# **01 – Exploring UK Flood Data (Exploratory Analysis)**
#
# This notebook performs a **non-persistent exploration** of the UK Environment Agency Flood API.  
# It fetches a small live sample (≤100 records), inspects the JSON structure,
# and performs light profiling to understand schema, value ranges, and potential data quality issues.
#
# **Context**
# - Data source: [Environment Agency Flood Monitoring API](https://environment.data.gov.uk/flood-monitoring/id/floods)
# - Goal: Understand structure and variability before designing the Bronze schema
# - Output: Insights only – *no writes to storage or Unity Catalog yet*


# **1. Environment Setup**
# Connect via Databricks Connect (Spark 13.3 LTS) or local PySpark session.


In [None]:

from pyspark.sql import SparkSession
from pyspark.sql.functions import col, current_timestamp
from pyspark.sql.types import StructType, StructField, StringType, IntegerType
import requests, json

spark = SparkSession.builder.getOrCreate()
print(f"Spark session active: {spark.version}")



# **2. Fetch Live Data**
# Limit to 100 records for quick iteration.


In [None]:

API_URL = "https://environment.data.gov.uk/flood-monitoring/id/floods"

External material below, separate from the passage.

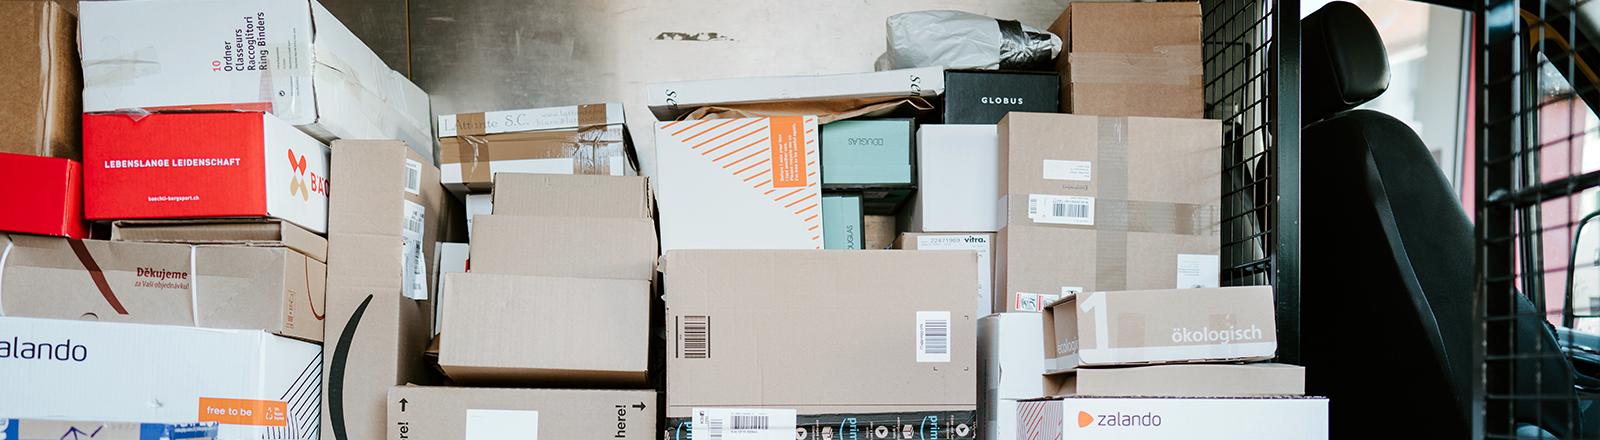 Viele Pakete in einem Lieferwagen

def fetch_flood_data(limit=100):
    try:
        r = requests.get(API_URL, timeout=15)
        r.raise_for_status()
        data = r.json()
        items = data.get("items", [])[:limit]
        print(f"Fetched {len(items)} records.")
        return items
    except Exception as e:
        print(f"Error fetching data: {e}")
        return []

records = fetch_flood_data(100)

# **3. Inspect Raw Structure**
# Examine a single record to understand keys and nesting.
# 
# **Add commentary after viewing:** note any nested objects (e.g. `floodArea`), timestamps, or missing values.


In [None]:
if records:
    print(json.dumps(records[0], indent=2))
else:
    print("No records returned.")


# **4. Convert to DataFrame**
# 
# In this step, we let Spark **infer the schema** from the raw JSON data returned by the API.  
# Once inferred, we capture it for reference and future reuse in ingestion pipelines.  
# This approach avoids hardcoding field names until the structure is confirmed.

In [None]:
# Infer schema automatically from the API records
df_inferred = spark.read.json(spark.sparkContext.parallelize(records))

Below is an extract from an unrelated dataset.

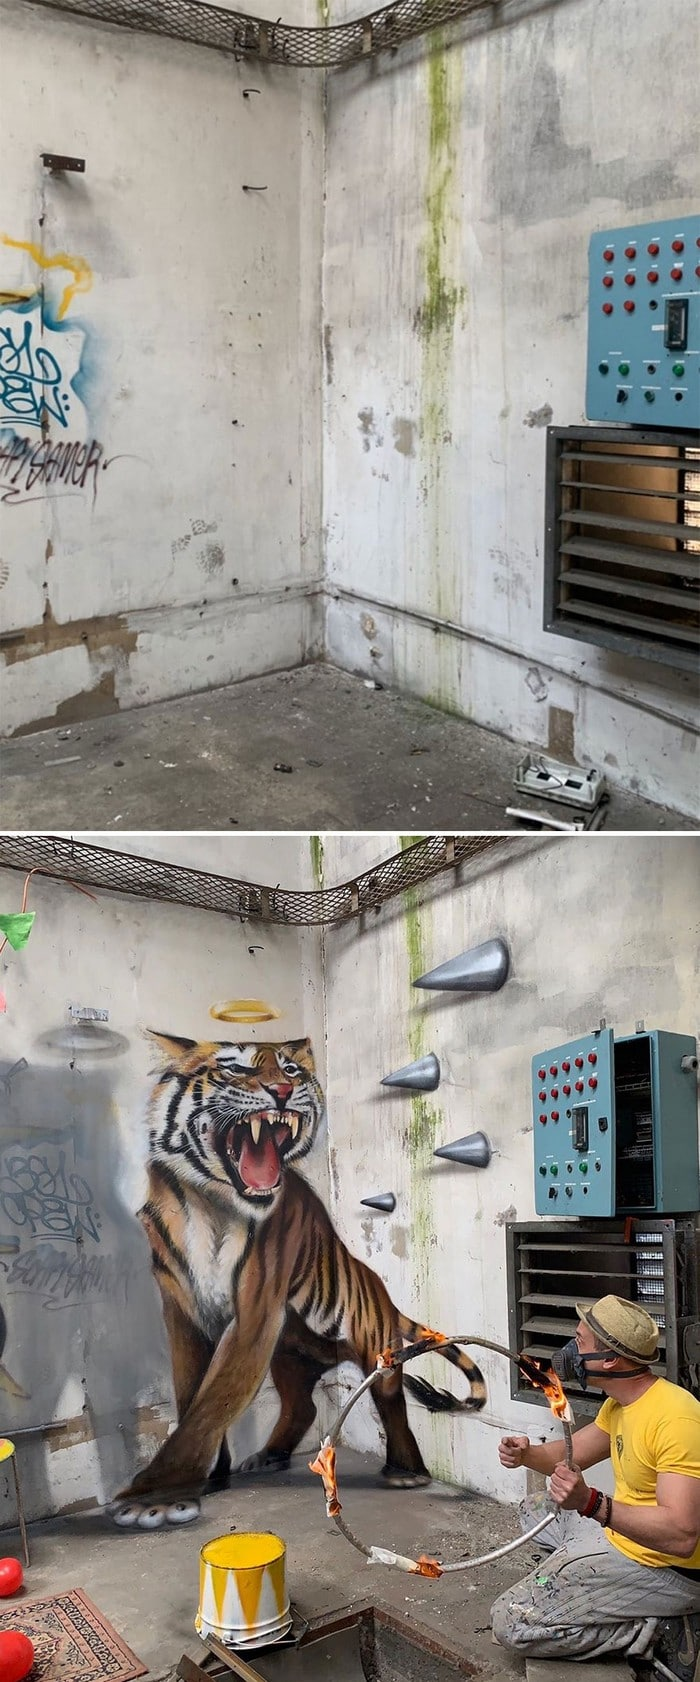 Artista de rua francês pinta grafite de criatura 3D (43 fotos) 4

# Display inferred schema in tree format
print("=== Inferred Schema ===")
df_inferred.printSchema()

# Optionally, store schema for reproducibility (e.g., to use later in Bronze ingestion)
schema_json = df_inferred.schema.json()
# with open("schema/flood_alerts_schema.json", "w") as f:
#    f.write(schema_json)

# Recreate a DataFrame using the captured schema (enforces consistent structure)
schema = StructType.fromJson(json.loads(schema_json))
df_raw = spark.createDataFrame(records, schema=schema)

# Display counts and sample rows
print(f"Rows: {df_raw.count()}, Columns: {len(df_raw.columns)}")
df_raw.show(5, truncate=False)

# **5. Flatten Structure**
# Extract nested fields for easier profiling.
# 
# **Add commentary later:** describe which attributes look most stable across records.


In [None]:

df_flat = (
    df_raw
    .withColumn("flood_area_label", col("floodArea.label"))
    .withColumn("flood_area_notation", col("floodArea.notation"))
    .withColumn("polygon", col("floodArea.polygon"))
    .withColumn("ingest_time", current_timestamp())
    .drop("floodArea")
)

df_flat.show(5, truncate=False)


# **6. Basic Profiling**
# Quick statistics to understand coverage and possible nulls.
# 
# These will inform what constraints or expectations to enforce later in Bronze.


In [None]:
df_flat.selectExpr(
    "count(*) as total_records",
    "count(distinct floodAreaID) as unique_area_ids",
    "count(distinct eaAreaName) as unique_ea_areas",
    "count(distinct severity) as unique_severity_levels",
    "min(timeRaised) as earliest_alert",
    "max(timeRaised) as latest_alert"
).show(truncate=False)


# **7. Severity Distribution**
# How are severity levels distributed?  
# (Values usually range 1–4 where 1 = Severe Flood Warning.)


In [None]:

(
    df_flat.groupBy("severityLevel", "severity")
    .count()
    .orderBy("severityLevel")
    .show(truncate=False)
)


# **8. Sample Flood Areas**
# Quick look at geographic diversity of current alerts.


In [None]:
df_flat.select("flood_area_label", "eaAreaName").distinct().show(20, truncate=False)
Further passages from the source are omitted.